4)  Be Brave And Create A United Front.  Sit down together and decide together what you want and what you don’t want for your wedding day.  Keep a united front with family and friends.  If things come up, deal with them…together.  Navigate the choppy and joyful waters of wedding planning with joint intention.
5)  A Wedding Is SO NOT About Perfection.  It’s about imperfection.  Most wedding days are imperfectly perfect and full of last minute juggling, snafus, funsy moments and unexpected surprises.  And in the end, I often find it is the imperfect moments that create a perfect wedding day.
6)  Bottom Line?  Strive To Become a Bridechilla and Groomchilla!  I was at a wedding last night at Willows Lodge and was chatting with band leader Michael Benson.  He was at a wedding last month where the bride was toasted as a “Bridechilla” – happy, peaceful, calm and with a “roll with it attitude.”  Here is to all of my Bridechillas and Groomchillas in 2011!
Fabulous Photo Collage:  www.jennygg.com

Slowing Down For The Holidays ~ Stepping Into Days Of Reflection, Gratitude and Giggles…
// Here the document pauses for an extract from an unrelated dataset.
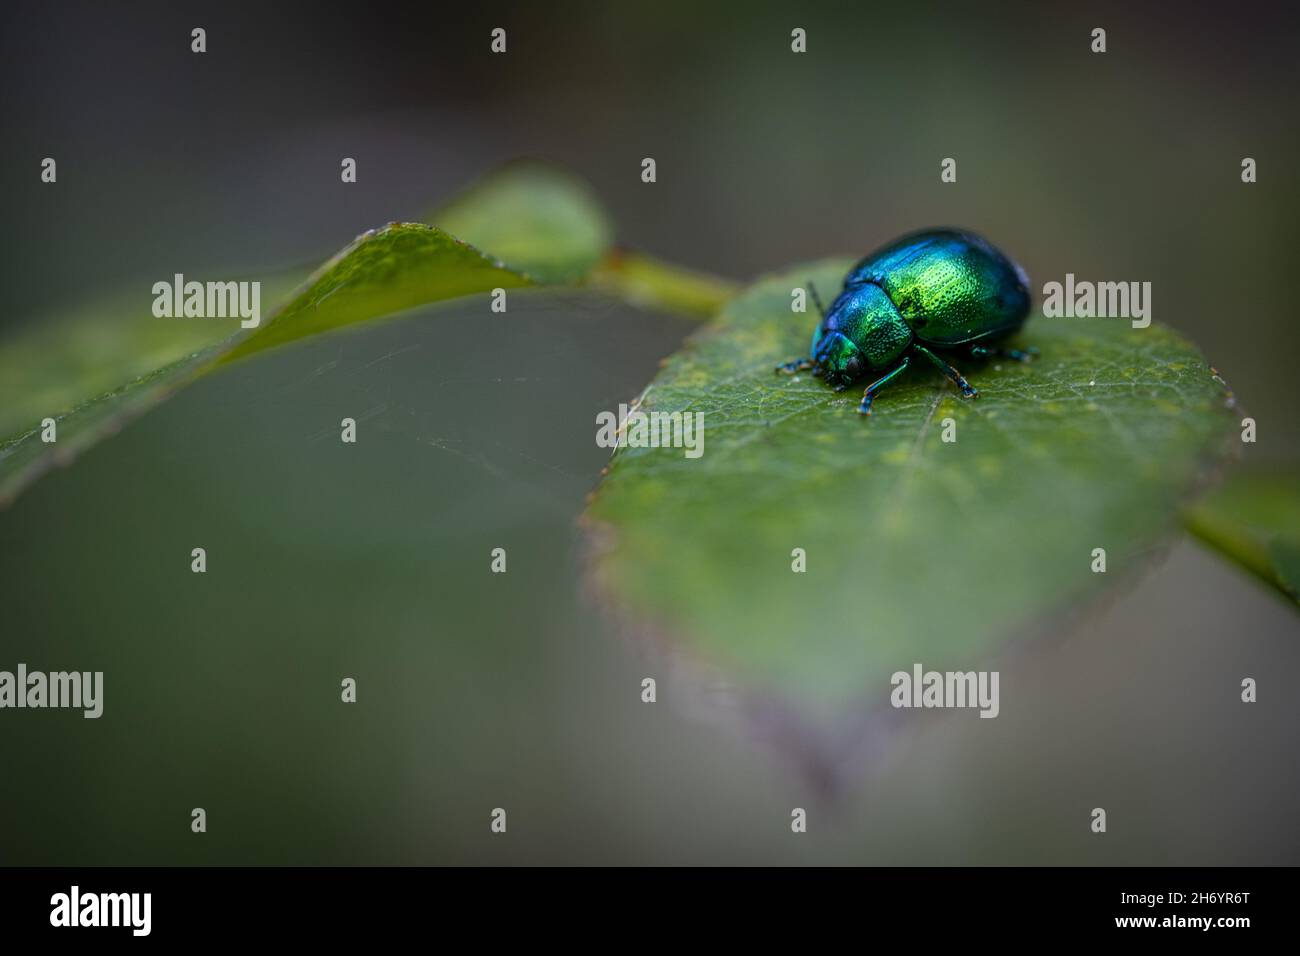 Dead-nettle leaf beetle on a green leaf in spring Stock Photo

Tuesday, December 21st, 2010

Steve & Gabe ~ Islandwood/Bainbridge Island 2010

December 2010 ~ I’m going into slow mode for the next 10 days before stepping back into “all things wedding” for Keith and Sunrise’s wedding ceremony on New Year’s Day.

As I take a breath and a few steps backward, I am full of gratitude for an extraordinary and heartfelt wedding year filled with love, craziness, anticipation, a few “Dear God!” moments, huge amounts of over-planning, lots of laughs and a few big giggles.

Weddings are just so much fun.  Yes, they are a huge ritual of transition and are full of emotional challenge, great risk, eternal hope and lots of planning or little planning.

As I look back on this year, I smile BIG when I think of:

~ Wedding Dog Charlie walking down the aisle in style with his “doggie backpack” for Daniel and Amber’s wedding at Kiana Lodge.

~ Guido and Carrie’s “Skype wedding” and the computer that kept on turning off during the ceremony!

Tim and Christina – a remarkable couple with huge hearts who reminded me in this work that I don’t know everything…(darn!)

~ Clint’s remarkable recovery from near death (truly) to join his sweetheart Karen for their romantic and very fun ceremony at Thornewood Castle.

Little “Wake” ~ Michael and Lindy’s son who escaped a front few during the ceremony at St. Paul’s Church in Port Gamble and streaked down the aisle mid-vows into the arms of his parents!

~ Joining Juanita and Mark in the chill and mist at 9 a.m. (yes, 9 a.m.!) on a Monday morning in August at Ruby Beach/Washington Coast…and yes, everyone was dressed up!

~ The surprise “visitor” at Colton and Catrina’s wedding ceremony known only to Catrina…hankies all around.